VectorFusion: Text-to-SVG by Abstracting Pixel-Based Diffusion Models

Authors anonymized
Project Gallery

Abstract

Diffusion models have shown impressive results in text-to-image synthesis. Using massive datasets of captioned images, diffusion models learn to generate raster images of highly diverse objects and scenes. However, designers frequently use vector representations of images like Scalable Vector Graphics (SVGs) for digital icons, graphics and stickers. Vector graphics can be scaled to any size, and are compact. In this work, we show that a text-conditioned diffusion model trained on pixel representations of images can be used to generate SVG-exportable vector graphics. We do so without access to large datasets of captioned SVGs. Instead, inspired by recent work on text-to-3D synthesis, we vectorize a text-to-image diffusion sample and fine-tune with a Score Distillation Sampling loss. By optimizing a differentiable vector graphics rasterizer, our method distills abstract semantic knowledge out of a pretrained diffusion model. By constraining the vector representation, we can also generate coherent pixel art and sketches. Our approach, VectorFusion, produces more coherent graphics than prior works that optimize CLIP, a contrastive image-text model.


Example generated vectors

VectorFusion generates vector graphics from diverse captions. Search through SVGs in our gallery.


Infinitely scalable assets

Vector graphics are compact but can be scaled to arbitrary size while staying sharp. Caption: "a train. minimal flat 2d vector icon. lineal color. on a white background. trending on artstation."
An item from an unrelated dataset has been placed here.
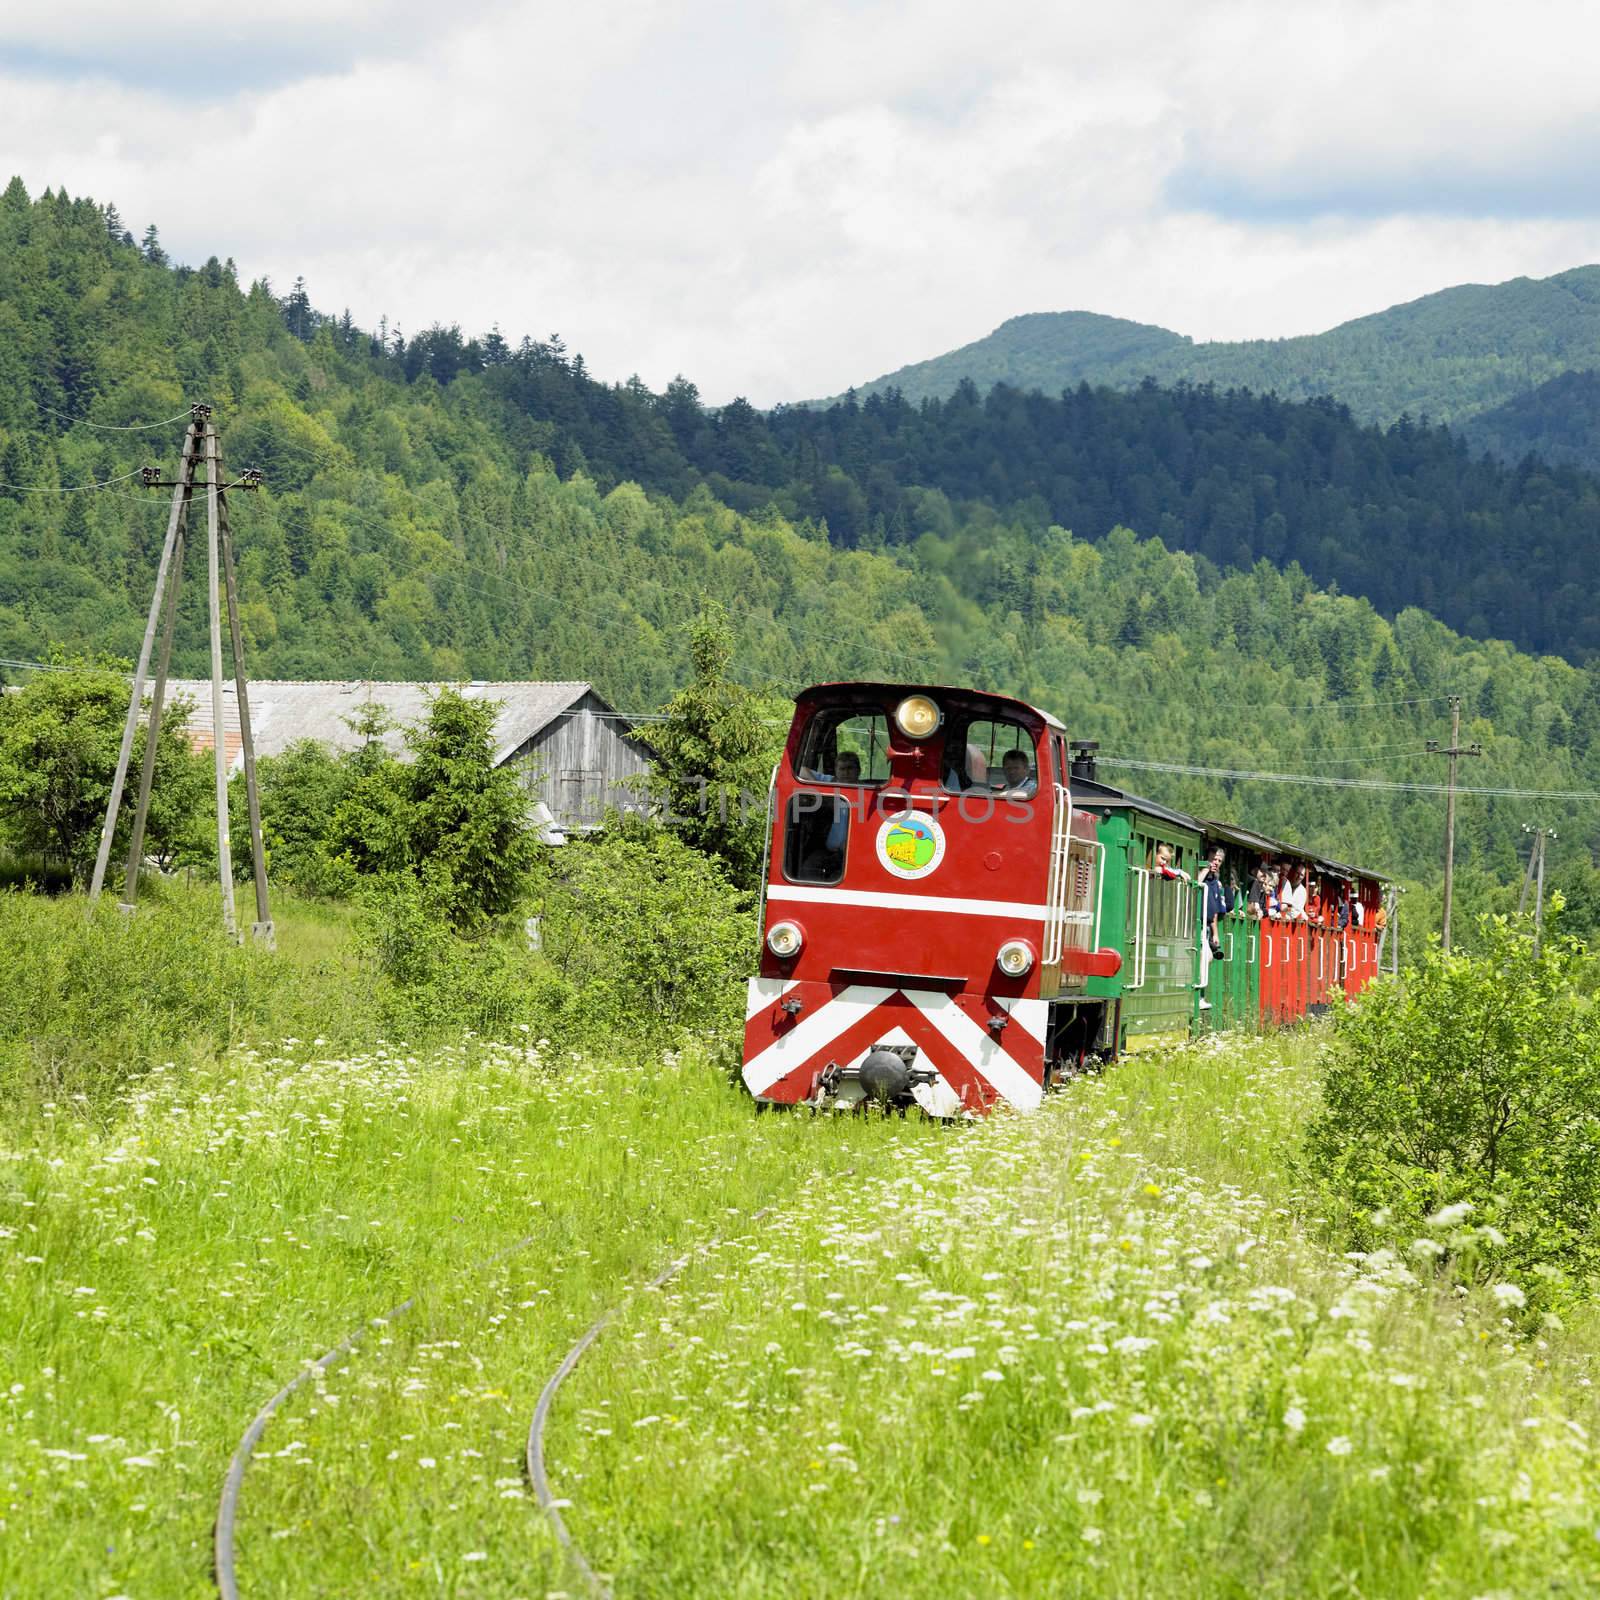 Bieszczadska wood railway, Dolzyca - Przyslup, Poland by phbcz

Visualizing text-to-SVG generation

We generate SVGs from text in an efficient multi-stage process. First, our method samples raster images from the Stable Diffusion text-to-image diffusion model. VectorFusion then traces those samples automatically with LIVE. However, these samples are often difficult to convert to vector graphics, dull, or don't reflect all the details of the text. Our approach finally refines samples with an image-text loss based on Score Distillation Sampling, improving vibrancy and consistency with the text. VectorFusion uses an inverse graphics approach, enabled by the DiffVG differentiable SVG renderer.